MATERIAL PROVIDED |
--- START ---

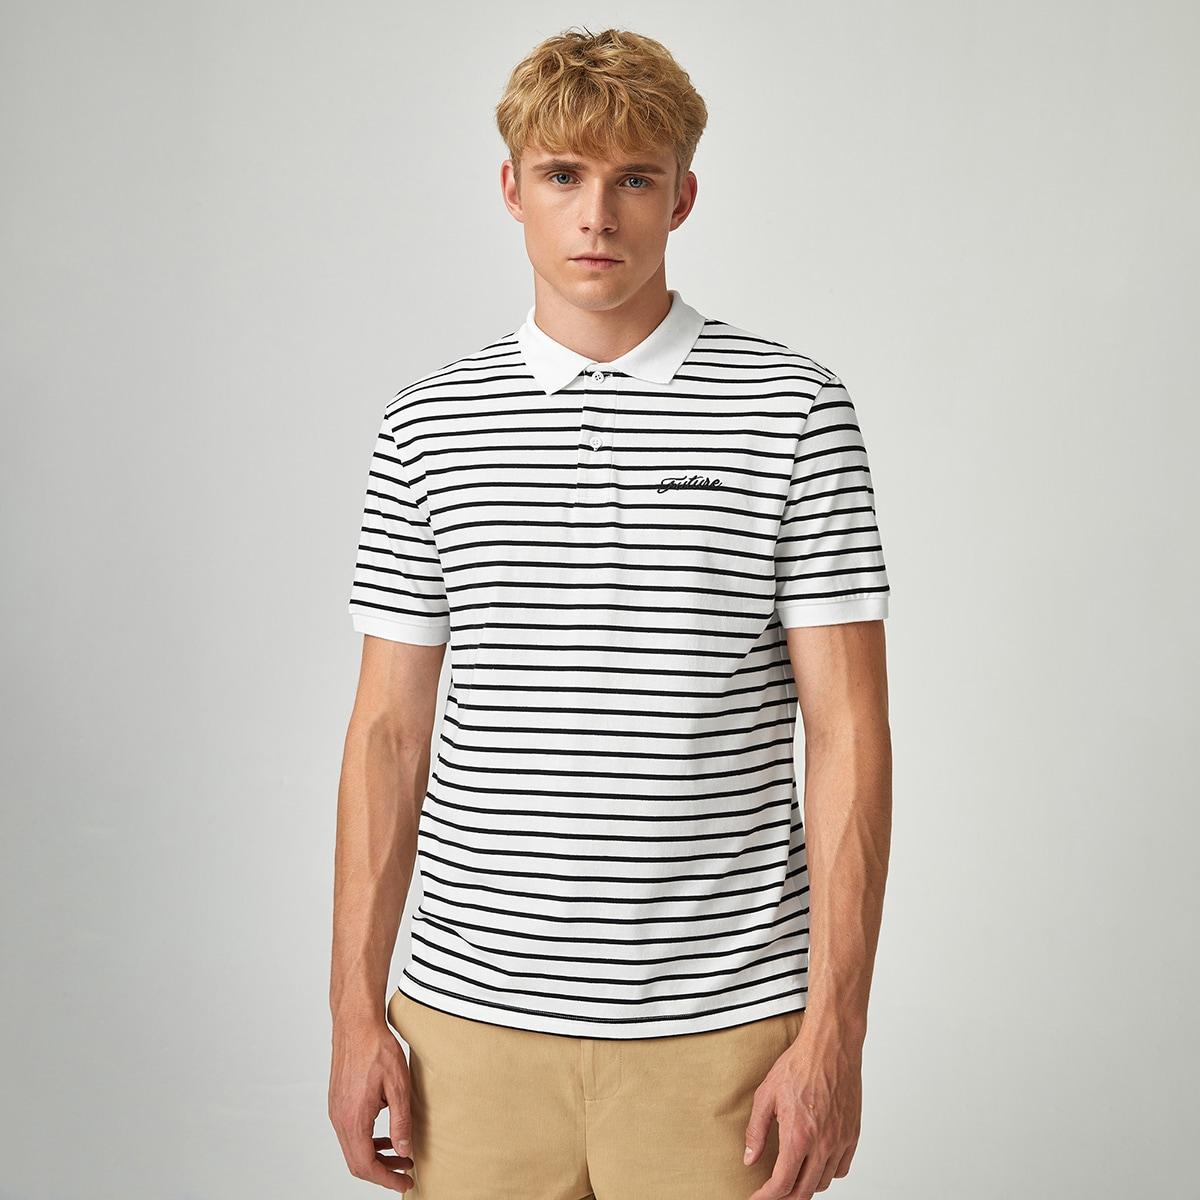 Вышивка Полосатый Повседневный Мужская рубашка-поло по цене 637
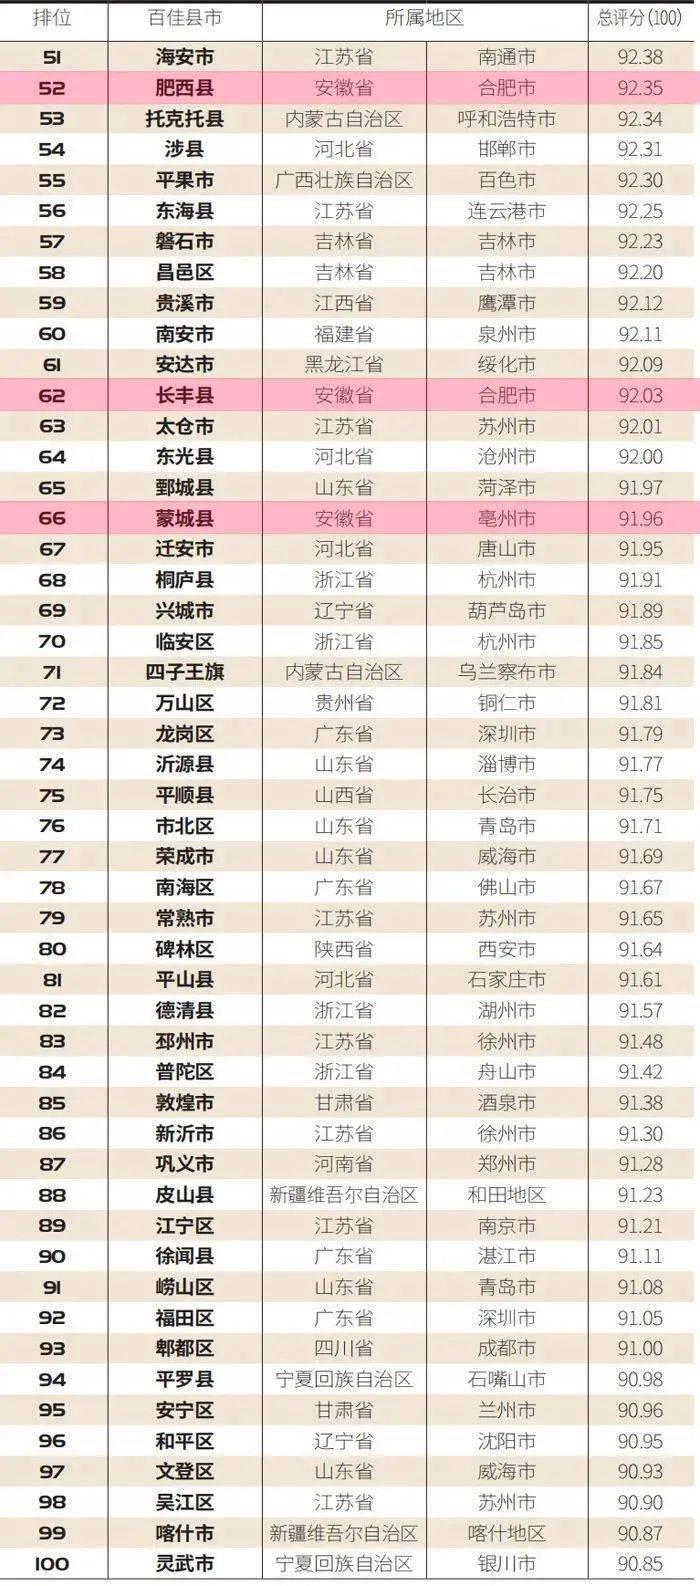 芜湖市各区县2020年-季度gdp_2020年一季度三明各区县市GDP最新数据,永安市总量第一,人均第三(3)
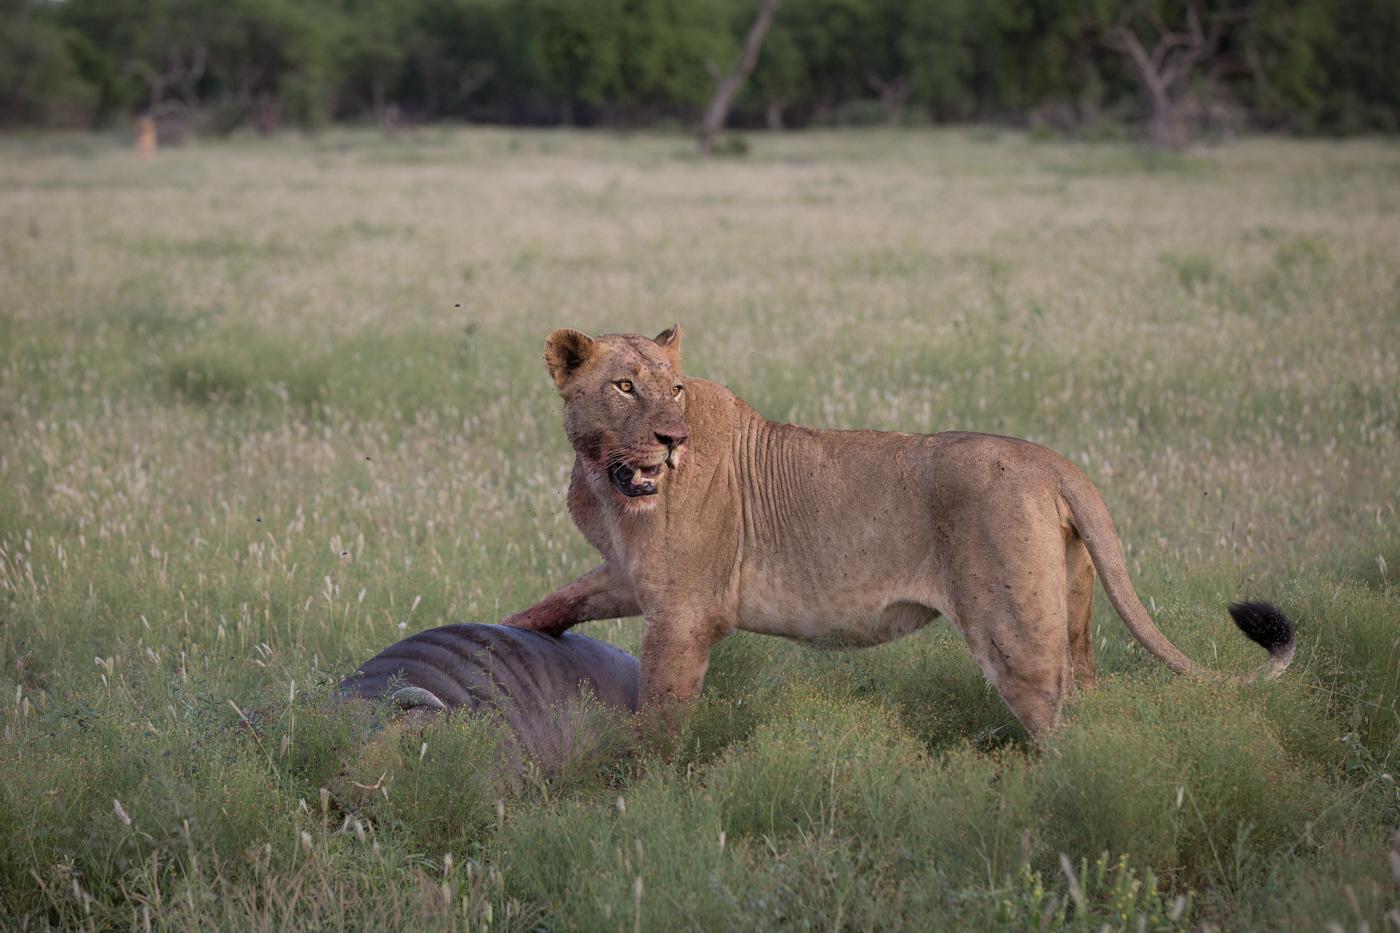 Mhangeni lioness wildebeest JT

--- END ---

WHAT IS REQUIRED | Please reproduce the material above word for word, without its images.

RESULT FOR THIS EXERCISE |
 Вышивка Полосатый Повседневный Мужская рубашка-поло по цене 637
 芜湖市各区县2020年-季度gdp_2020年一季度三明各区县市GDP最新数据,永安市总量第一,人均第三(3)
 Mhangeni lioness wildebeest JT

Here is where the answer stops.